Cadman-LT, I agree. That's a pretty cool car and the author is correct about it being fast. I'll be sharing the video and article with my ITT Tech Microprocessor and Microcontroller students.
Thank you, Matthew for the clarification. I look forward to learning something from your software code. BTW, what is a "github"? I'm not familiar with all the new terminology.
the instructions are written to be broad because the different models of RC cars have different boards and board layouts however MOST use the same chip so the instructions are for taking over control from this type of RC chip, thus the instructions can be used for many different types of RC cars you simply attach the wires to the same pins on the IC chip and you are ready to roll
kinda? the PC board is to hold the headers in place so they dont shift around and you can connect them all at once.

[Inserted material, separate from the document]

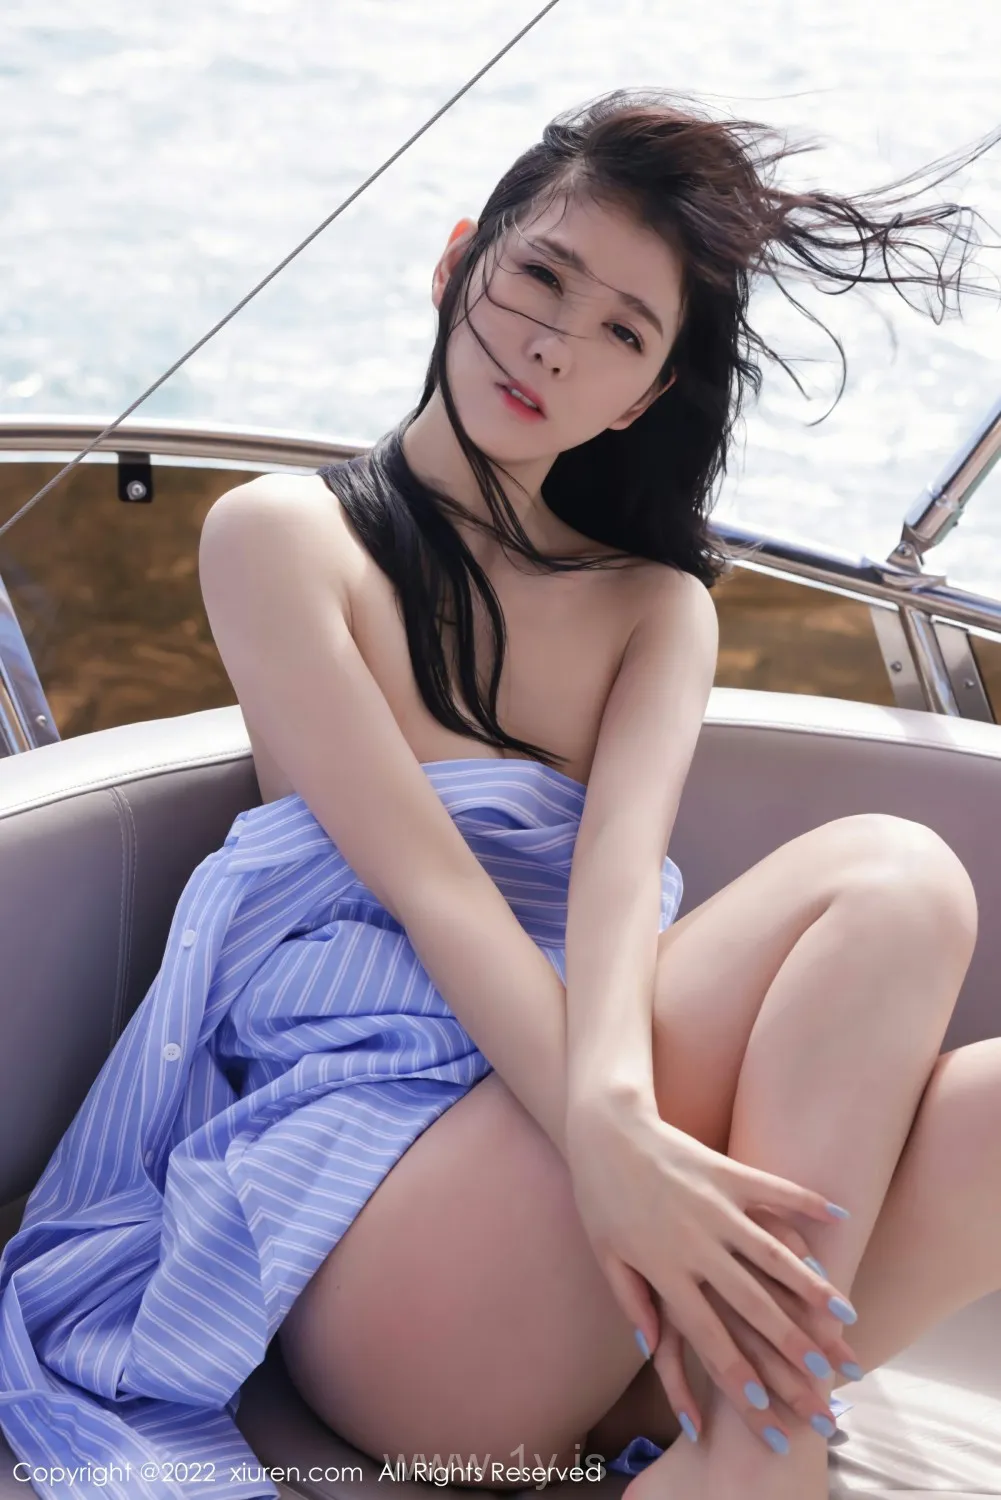 XIUREN(秀人网) NO.4852 Stunning & Well-developed Asian Girl 李雅柔182CM

i didnt include the arduino in the BOM because this will work with ANY 5v microcontroller and is not arduino specific
i believe i did include code when i sent in my materials for the article but i will look into that. the code is REALLY simple so with about 5 minutes you could knock out some basic fwd bckwd left right control on any microcontroller
i will soon setup a github so i will put code there
I was just speaking to a colleague of mine who did this exact project this past summer. He is a big RC fanatic. I hope Arduinos become mainstream in RC development. Who knows where RC will go after that.